As for revealing his tricks to the cast and crew, Phillips said he doled out just enough information -- and hopefully not too much to ruin any performances they might see by other touring magicians.

"Everyone is respectful of the secrets," he said.

After agreeing to the project, he received a draft of the script with the basic ideas of where illusions would come into play. Phillips went into his library of magic books and performance footage to complete several months of research on options and what was technically possible.

Phillips likes the work of old-school magicians from a time when magic was a legitimate performance art, he said.

"We ended up with a few illusions that are based on often very old magic principles at their basic foundation, but have been custom tailored to this storyline," he said. "It's interesting to bring these old principles to the new story he created.

"We wanted illusions that had a little bit of spooky to them and a surprise factor. We've worked on things from that angle. We're not interested in the cliché -- glitter-covered plastic props."

Phillips said he prefers illusions that are psychological. He's more edgy and serious than the birthday party magician.

He has one move in his shows that includes eating a razor blade.

Phillips worked with the cast and crew during an all-day workshop, and Jason Page, who plays the Amazing Arcana, said it was a hands-on way to learn.

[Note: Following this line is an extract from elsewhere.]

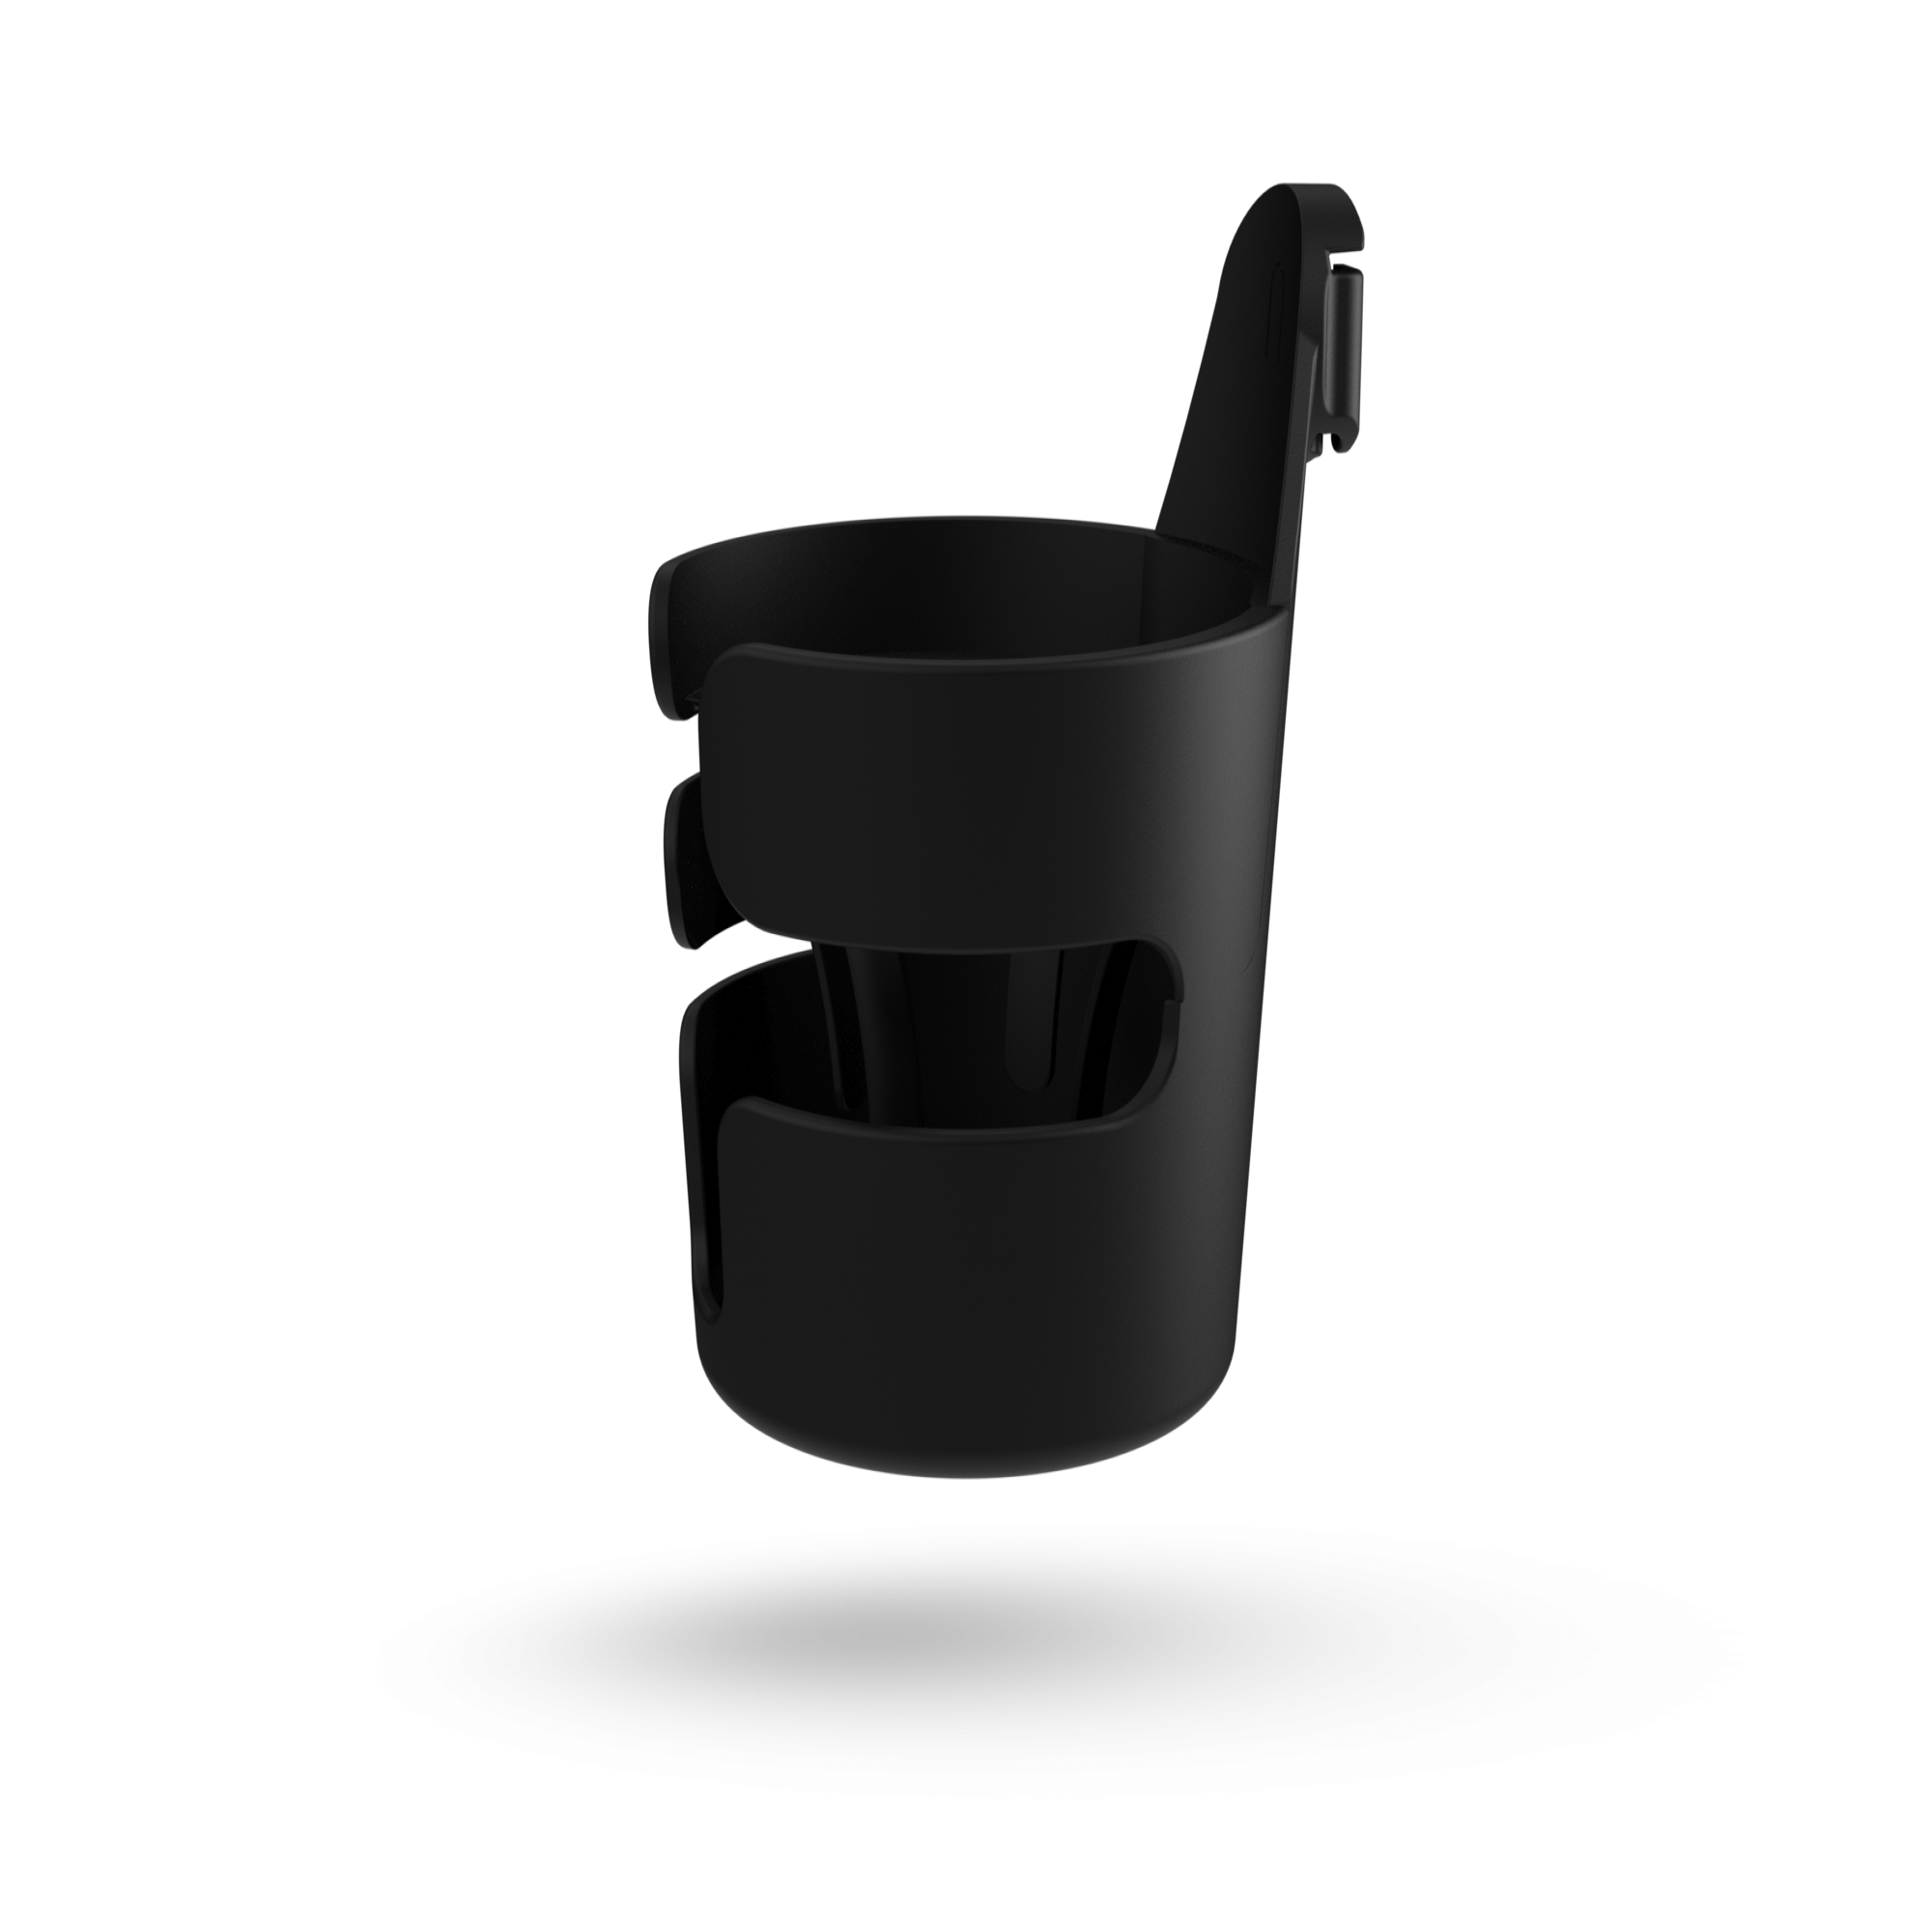 bugaboo cup holder clip
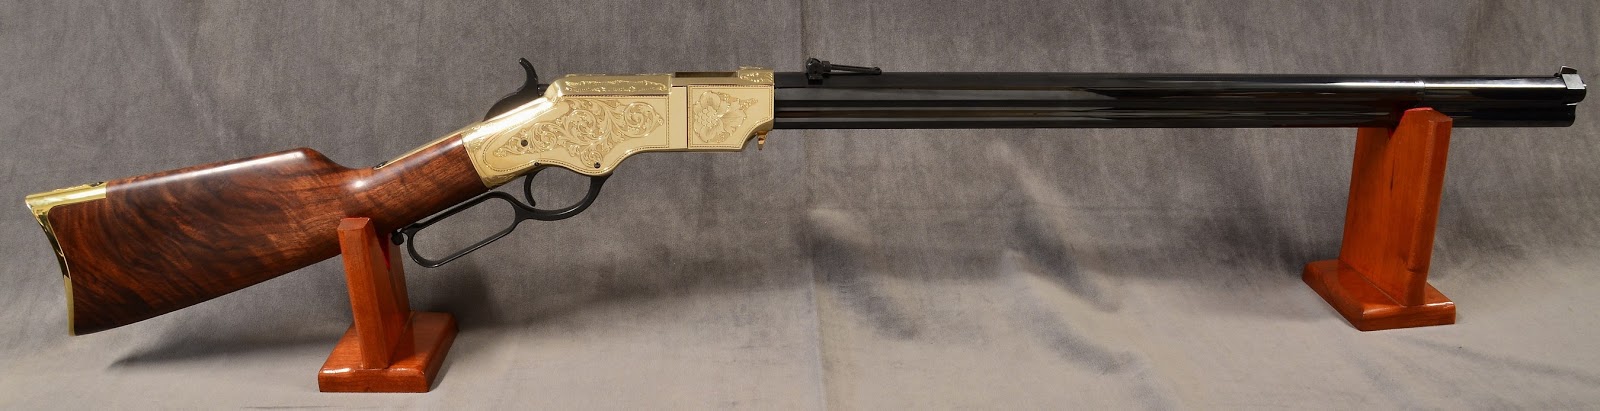 henry repeating arms serial numbers

"It was part of the draw, to learn a skill to portray something I haven't done before," Page said. "It's about mannerisms and misdirection. It's been fun getting into the skin of someone who does that."

Page performed his trick while Bennett recorded it on his phone and was surprised that something so simple could work so well, he said.

"This is one of those things where there are a lot of moving parts to this show," Ahasay said. "It's very cinematic in some ways. So the technical and the illusion aspects are extremely important."

Theories of theater

This past summer, Bennett and his wife, Renegade executive director Katy Helbacka, went to New York City to "Sleep No More," interactive theater by a British theater company. The play is set in a warehouse, and the audience wears carnival masks as it moves from floor to floor and room to room in what the New York Times called "a voyeur's delight."

"It's very immersive," Bennett said. "We love that sort of stuff. That's the next wave of theater."

While Renegade Theater Company hasn't attempted something close to this level, "Ghost Light" takes a few steps in this direction. They've pushed for more sophisticated special effects -- including hiring a specialist for the 2011 production of "The Lieutenant of Inishmore" to give it the feel of something Tarantino-esque. With this show, they've moved the action off the stage and will use the entire theater space.

"We sort of have this idea that theater can be far more entertaining than a movie," Bennett said. "We tend to gravitate more toward that. The newer generation of theatergoers is primed for that entertainment. To get them to love it, you have to show them theater can do what film does, but it's better because it does it five feet in front of your face."

Go see it

What: Renegade Theater Company's "Ghost Light," by Andy Bennett

When: Opens 8 p.m. today, runs 8 p.m. Thursdays-Saturdays through Oct. 27

Where: Teatro Zuccone, 222 E. Superior St.